By comparing the degradation kinetics of the porous silicon samples using normalized reflectance values (either rugate position or EOT) and normalized H parameter values, we conclude that it is possible to obtain semiquantitative information about porous silicon stability using color data. In contrast, using the hue of the as-acquired images to monitor complete degradation is limited due to the interfering effect of the reflection of the broad light source spectrum from the porous silicon, silicon substrate, and other surfaces within the light path. However, the use of a different light source with increased intensity in the blue-green regions of the spectrum compared to the lamp used may reduce this problem. The behavior of the hue parameter for porous rugate samples with the reflectance band at λ < 560 nm is also very dependent on the white balance value used during the image pre-processing step.


We have demonstrated that the degradation of porous silicon in basic aqueous buffers can be monitored in situ by digital imaging with a consumer-grade digital camera and have validated this approach with simultaneous spectrophotometric measurement of the optical reflectance spectra. An approximately linear correlation between the wavelength of the maximum of the rugate reflectance band and an H parameter derived from the HSV color space was observed during the degradation process. A similar relationship was also noted between the H parameter and the effective optical thickness of the samples. These results indicate that the samples were degrading via dissolution of the pore walls, rather than just dissolution from the top of the porous silicon layer downwards.

The relative stabilities of the two porous silicon types obtained by the three measurement methods were consistent, indicating that all methods could be used to monitor relative sample degradation. However, whereas measurement of the rugate peak wavelength and effective optical thickness requires a spectrophotometer, the determination of the H parameter just required a consumer-grade digital camera and standard software.
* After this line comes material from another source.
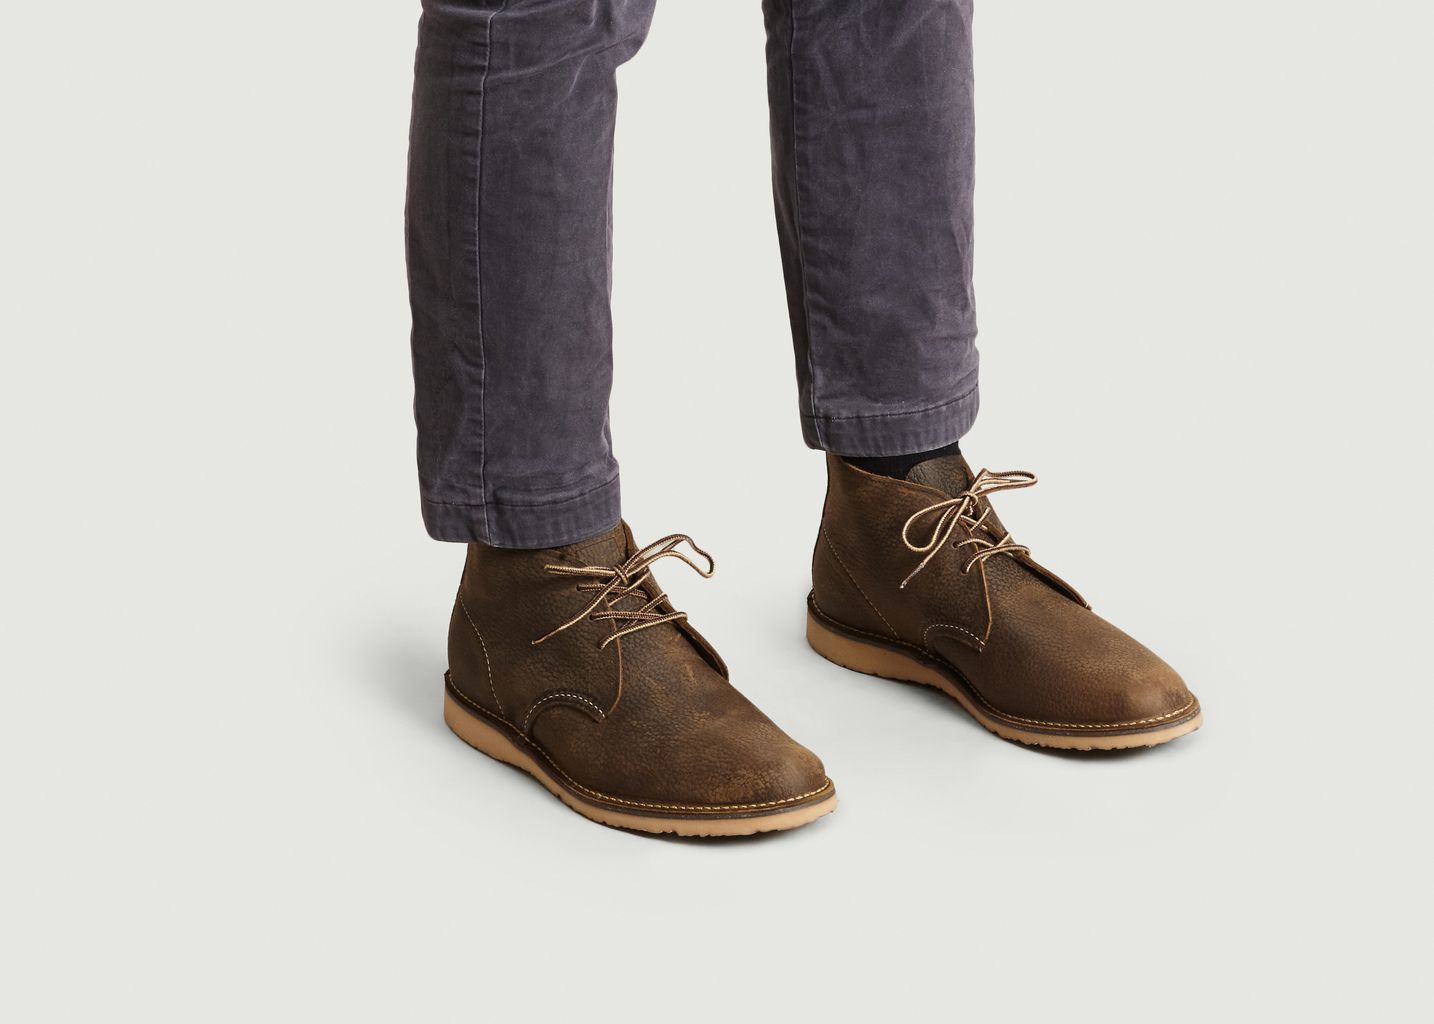 3327 Wekker Chukka Boots - Red Wing Shoes

Indeed, the H-parameter approach could be applied using a low-cost camera or the camera within a mobile phone or mobile computing device. This would then allow such measurements to be made outside the laboratory and at comparatively low cost.

While this paper reports results from monitoring degradation of intact porous silicon films attached to a crystalline silicon substrate, a similar approach should be possible to monitor particles of porous silicon. The potential use of color measurements to monitor both degradation and drug delivery from porous silicon micro-particles would require only simple cameras and illuminants and could even be coupled to use with smartphones.